Roche announced that Pegasys (peginterferon alfa-2a (40KD)) has been granted marketing authorization by the Swiss regulatory authorities, Swissmedic, for the treatment of chronic hepatitis B. The approval has been granted for both the HBe antigen-positive and HBe antigen-negative forms of the disease and was based on one of the largest clinical development programmes in hepatitis B ever, which included three global studies in more than 1,500 patients.
The studies showed that Pegasys was superior to two therapies currently recommended first-line; interferon alfa and lamivudine. In contrast to lamivudine, the most commonly prescribed medication today, Pegasys works by a two-pronged approach. It stimulates the immune system as well as inhibits virus replication. This offers physicians a new option with the advantages of a finite treatment duration and lasting remission from the disease.
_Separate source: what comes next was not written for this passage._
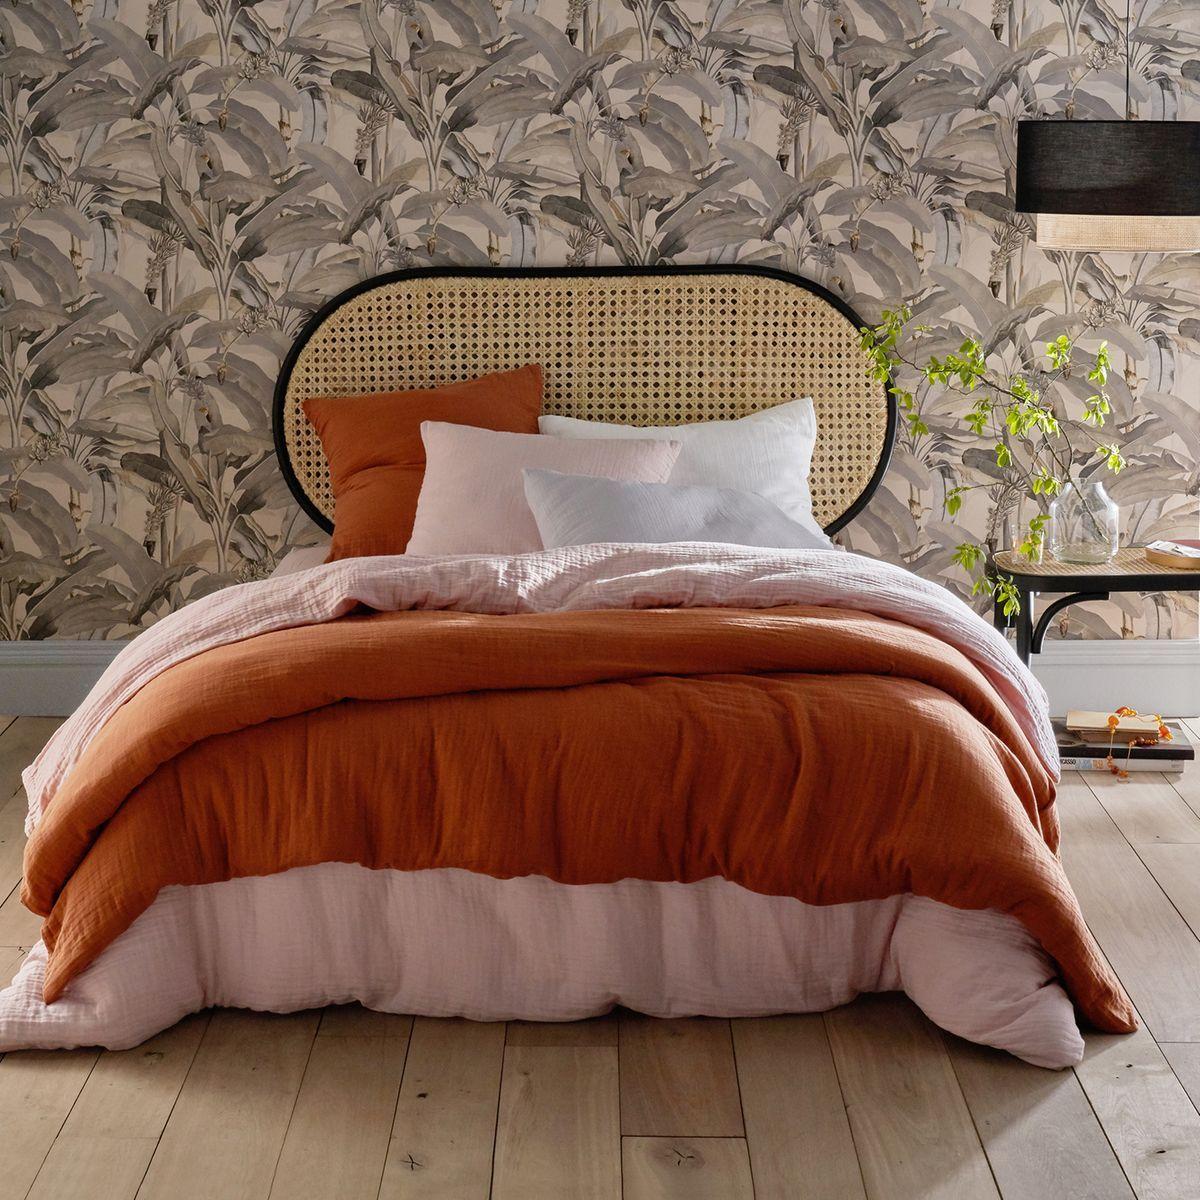 Comment Rendre Sa Chambre Chaleureuse les 616 meilleures images de chambre cosy et confortable en

"This is a major milestone not only for Switzerland but for the more than 90 other countries worldwide that rely on Swiss regulatory review for their own approval process," said William M. Burns, Head of Roche's Pharmaceutical Division. "Based on the results of our clinical programme, we would anticipate that Pegasys will become a first-line treatment for chronic hepatitis B," he said, adding that Pegasys is the worldwide market leader for the treatment of hepatitis C.
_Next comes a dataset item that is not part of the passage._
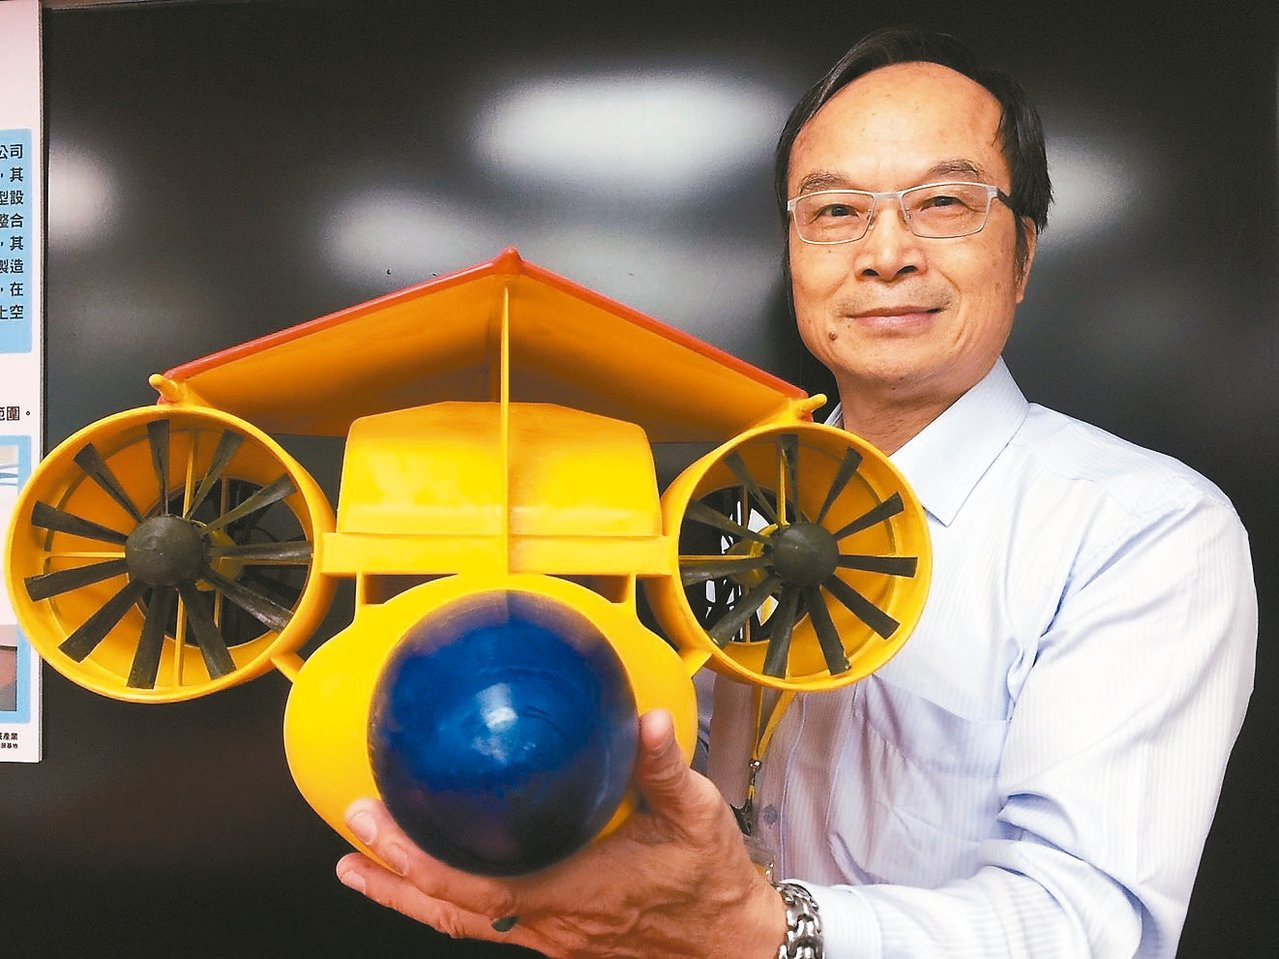 新竹市蜂鳥飛行器公司董事長林瑤章研發的蜂鳥風行器模型。 記者郭宣彣/攝影

Chronic hepatitis B is a major global healthcare problem affecting more than 350 million people and it is one of the principal causes of liver failure, cirrhosis, and liver cancer. Between one-quarter and one-third of people with chronic hepatitis B will go on to develop progressive liver disease; and approximately one million die annually, making it the 10th leading cause of death worldwide.
Pegasys has been proven twice as effective as conventional interferon for the treatment of the most common form of chronic hepatitis B, hepatitis B e antigen (HBeAg) -positive chronic hepatitis B, in a multinational phase II trial. These findings were published in the July 2003 Journal of Viral Hepatitis.
Two large-scale multinational phase III trials, in patients with both the HBeAg-positive and HBeAg-negative forms of chronic hepatitis B, demonstrated that after 48 weeks of therapy, more patients achieved a sustained response with Pegasys than with lamivudine. Furthermore, these studies demonstrated that the addition of lamivudine to Pegasys did not improve response rates over Pegasys alone.
The phase III study results in HBeAg-negative chronic hepatitis B, the most difficult-to-treat form of the disease, were published in September in the New England Journal of Medicine2, and the results of the phase III study in patients with HBeAg-positive chronic hepatitis B were presented at the 2004 Annual Meeting of the American Association for the Study of Liver Diseases in November3. Both lead investigators have stated that the results of these trials warrant Pegasys becoming the first-line treatment for HBeAg-positive or HBeAg-negative chronic hepatitis B.
"Until now, conventional interferon or lamivudine have been the first-line treatments for patients with chronic hepatitis B, but these clinical trials have proven that Pegasys outperforms both," said Dr George Lau, gastroenterologist at the Queen Mary Hospital, Hong Kong; and Assistant Dean in the Department of Medicine at the University of Hong Kong. "This approval means that we have a significant new option whereby patients can achieve a lasting remission and we only need to provide treatment for a limited 48-week period."
Pegasys was filed for the treatment of chronic hepatitis B simultaneously in Switzerland, the United States and the European Union in the summer of 2004, and approvals in the US and the EU are anticipated early in 2005. It is the first pegylated interferon indicated for the treatment of chronic hepatitis B anywhere in the world and has already been approved for this indication in Thailand and Taiwan.
Pegasys, a new generation hepatitis therapy that is different by design, has already become the worldwide market leader in hepatitis C. Pegasys has a dual immunomodulatory and antiviral mode of action. The improved pharmacokinetic profile ensures drug plasma concentrations are maintained at constant levels throughout the one week dosing interval.